The ability to swiftly, efficiently and accurately analyze large datasets, exposure to various market and credit risks, and identify trading opportunities has emerged as one of the key differentiators for large numbers of capital markets firms in recent years, given the complexities of the analysis underlying such undertakings.
One firm that appears to be leading that charge is Swiss investment bank Credit Suisse, which wins this year’s AFTA for the best analytics initiative, thanks to its capital stress-testing, financial planning and forecasting platform, dubbed ProPL, an abbreviation of its official name: Projections Platform. As part of the bank’s comprehensive capital analysis and review (CCAR) stress-testing program, it needed to develop a platform for managing the front-to-back execution of capital projection models.

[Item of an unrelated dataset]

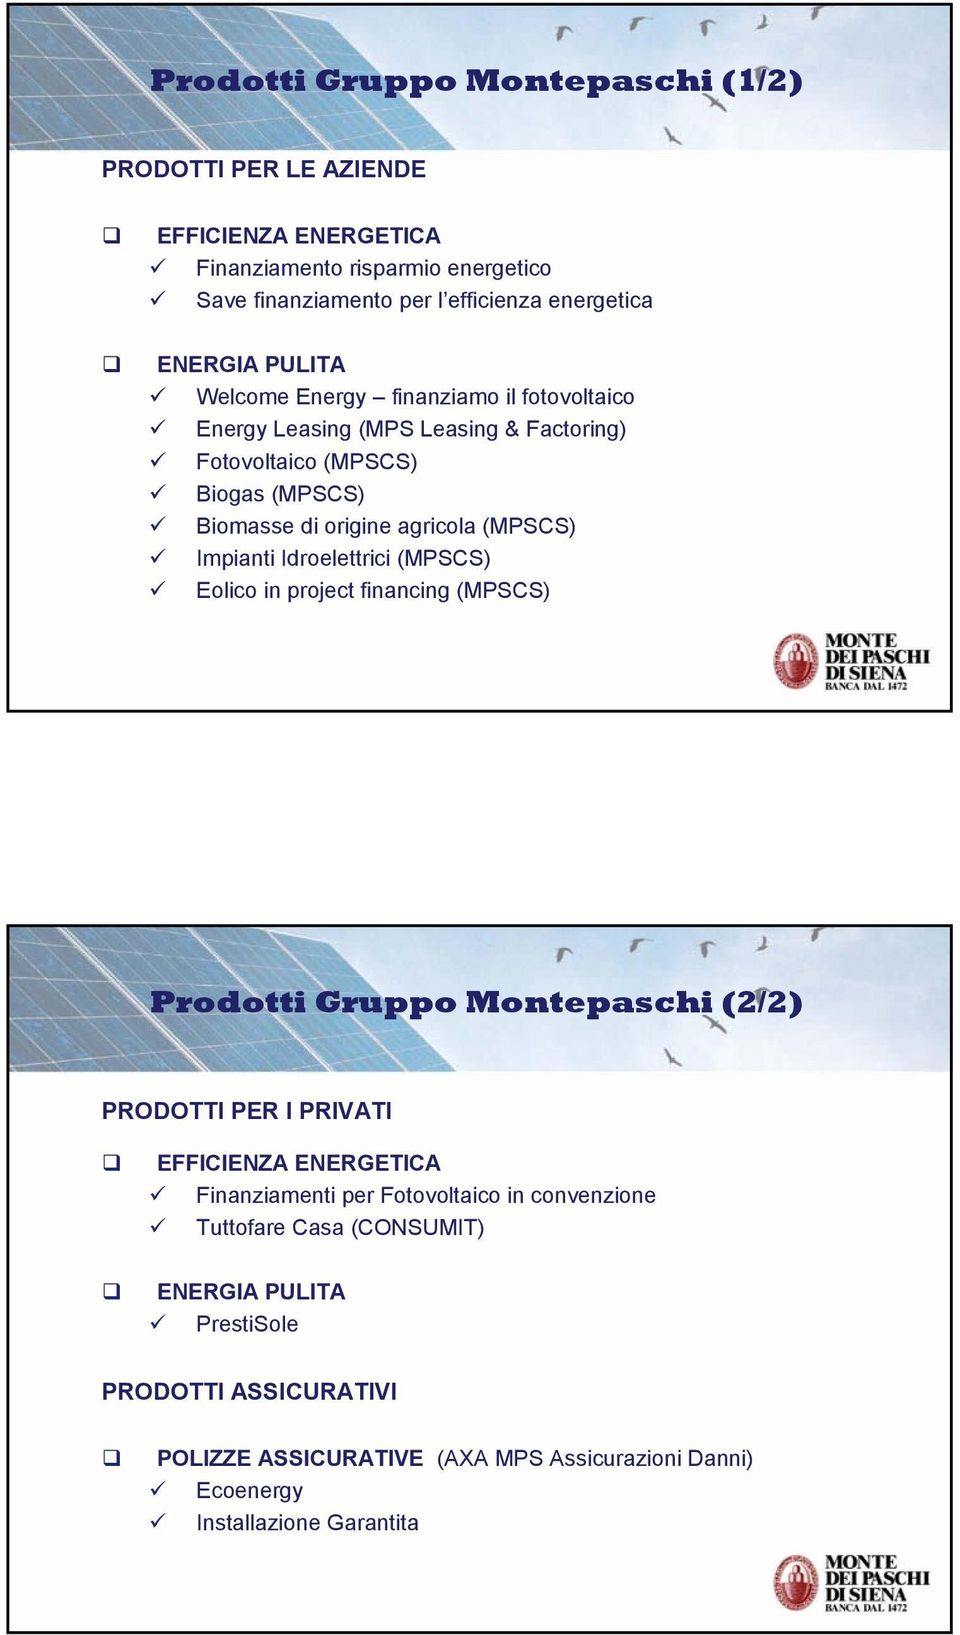 Impianti Idroelettrici (MPSCS) Eolico in project financing (MPSCS) Prodotti Gruppo Montepaschi (2/2) PRODOTTI PER I PRIVATI EFFICIENZA ENERGETICA Finanziamenti per

Early in 2017, Credit Suisse successfully filed for a US patent for the platform, an offering that seeks to improve the bank’s ability to forecast pre-provision net revenue (PPNR), balance sheet, risk-weighted assets (RWA), losses, and other key financial metrics for each area of the business. According to the bank, “these forward-looking capital projections are based on data-driven models that consider the impact of multiple financial and economic variables over an extended period of time. Projection results inform strategic business planning by providing a capital adequacy assessment using defendable, repeatable and quantitative processes.”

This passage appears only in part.